Physics Quiz 8
 

A massless spring of free length L and spring constant K is stretched until a desired force F is achieved. A mass M is attached to the stretched spring, and the spring is then allowed to accelerate the mass until the spring length is L2.

Find a closed-form solution for the speed of the mass when the spring length is L2 (where L2>L). Ignore friction and gravity.
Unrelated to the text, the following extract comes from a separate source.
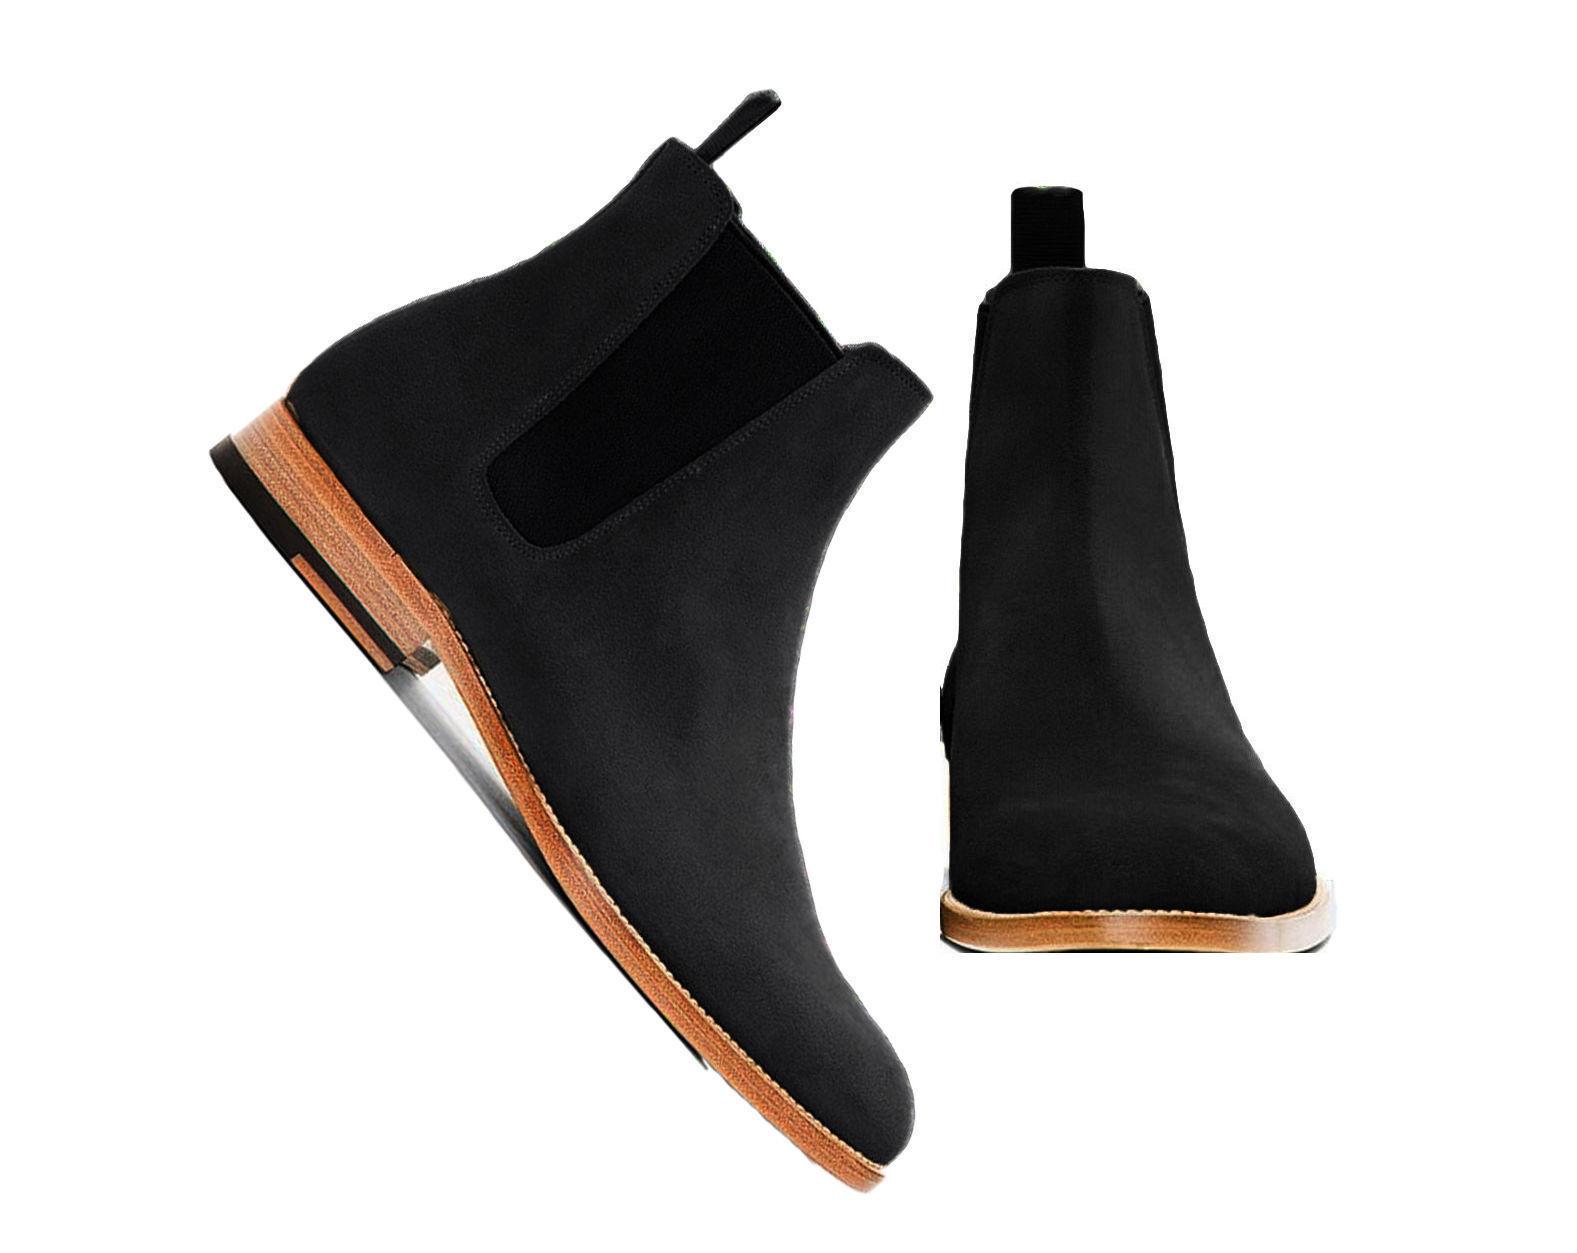 Mens Handmade Handmade Handmade nero Ankle High stivali Suede leather avvio Tailor Made All Dimensione 10f605

Use the solution to explore the effect of small changes in L and K (with F, M, and L2 held constant).

Re: Physics Quiz 8
 

Energy in the system = F^2 / 2K
Length when stretched (L3) = L + F/K

Potential energy at L2 = 0.5K*(L2-L)^2

Kinetic energy @L2 = F^2 / 2K - 0.5K*(L2-L)^2

Velocity@L2 = Sqrt(2/M( (F^2 / 2K) - 0.5K*(L2-L)^2 ))
=Sqrt(2K/M( (F/K)^2 - 0.5(L2-L)^2))

I don't know what to do with that.

Re: Physics Quiz 8
 

I think it should be v=sqrt( F^2/(k*m)-(k/m)*(L2-L)^2).

Re: Physics Quiz 8
 

Did you mean F^2/(2K) ?

Re: Physics Quiz 8
 

Could you show your work please?

Re: Physics Quiz 8
 

Sure. I used a somewhat roundabout method. Let A = F/k be the amplitude of the oscillation. The position will follow simple harmonic motion with equation x = L + A * cos(sqrt(k/m)*t), with x = 0 as the left end of the spring and the mass started at t = 0. So we set x = L2 and so L2-L = A * cos(sqrt(k/m)*t). Also, v = x' = - A * sqrt(k/m) * sin(sqrt(k/m)*t). So then we have v^2 = A^2 * (k/m) * sin^2(sqrt(k/m)*t) = (k/m) * (A^2- A^2 * cos^2(sqrt(k/m)*t)) = (k/m) * (A^2-(L2-L)^2) = ((F^2)/(k*m) - (k/m)*(L2-L)^2). Finally we have
v = sqrt((F^2)/(k*m) - (k/m)*(L2-L)^2).

Re: Physics Quiz 8
 

Good stuff.

In post #2, lemiant used energy conservation to find the solution*.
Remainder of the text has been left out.